Thailand's Largest Pro-Democracy Rally in Years Draws 10,000

Thailand's Largest Pro-Democracy Rally in Years Draws 10,000
Photo Credit:Reuters / TPG Images
What you need to know

Demonstrators are demanding Prime Minister Prayuth Chan-ocha, who took power in a military coup in 2014, speed up reforms.

An anti-government protest in Thailand's capital Bangkok drew at least 10,000 people on Sunday, police said, making it the largest political demonstration the kingdom has seen in years.

The student-led protests began nearly a month ago and have been held on an almost daily basis ever since.

Demonstrators are demanding a revised constitution, an end to the harassment of government critics and reforms to the monarchy.

The last demand is particularly sensitive in Thailand — anyone criticizing the monarchy faces between one and half to 15 years in jail.

They also want Prime Minister Prayuth Chan-ocha, who took power in a 2014 military coup, to resign.
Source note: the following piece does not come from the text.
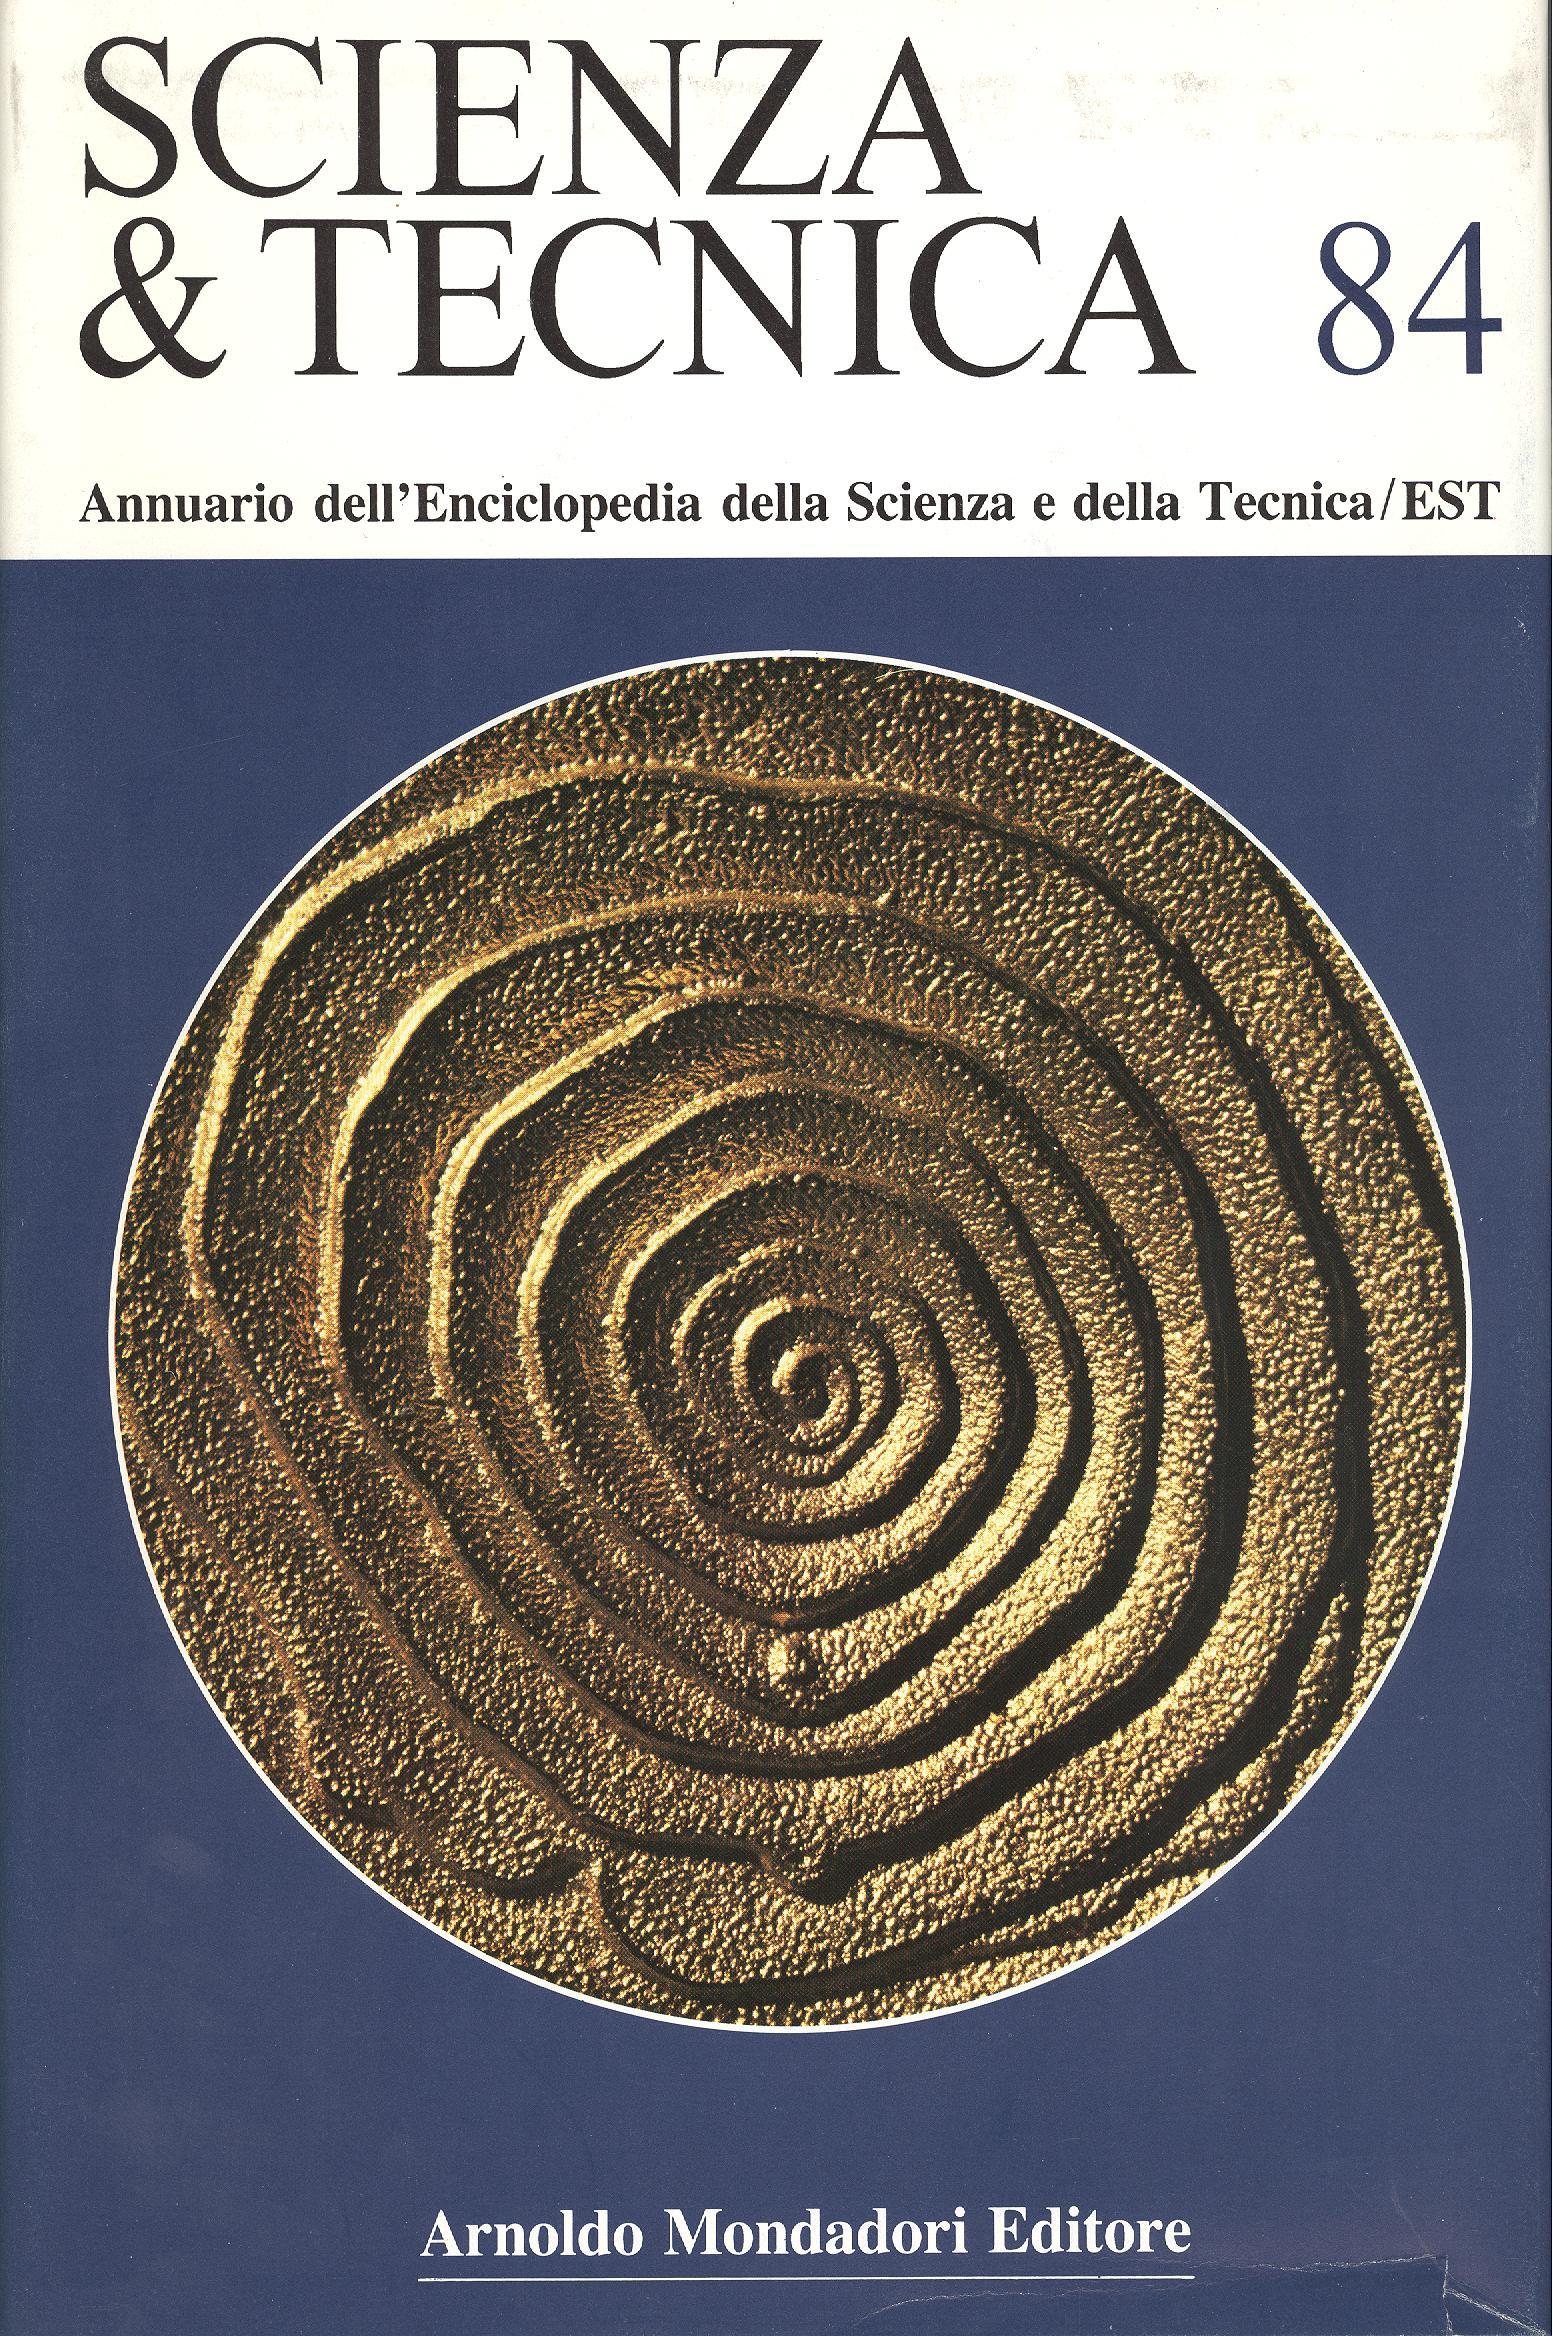 Scienza & Tecnica 84

'Down with the dictatorship'

Crowds of demonstrators shouting "down with the dictatorship" gathered around the capital's symbolic Democracy Monument. Others held dove-shaped cutouts representing peace.

Student activist Parit Chiwarak made an appearance at the rally, despite being granted bail on Saturday after being arrested for his pro-democracy work.

Flanked by supporters, he held a sign that read: "10-point Monarchy Reform" – referring to a list of demands setting out changes that student protesters want to see implemented.

Police were also present, as well as a much smaller group of royalists who support the monarchy.

Waves of protests

Thailand has experienced multiple coups ever since the army toppled the absolute monarchy in 1932, replacing it with a constitutional monarchy.

The government held elections last year but these were seen as rigged, sparking public anger.

The latest wave of protests began in February this year after a court ordered the pro-democracy Future Forward Party to disband. The onset of the coronavirus pandemic, however, put a pause on these protests until recently.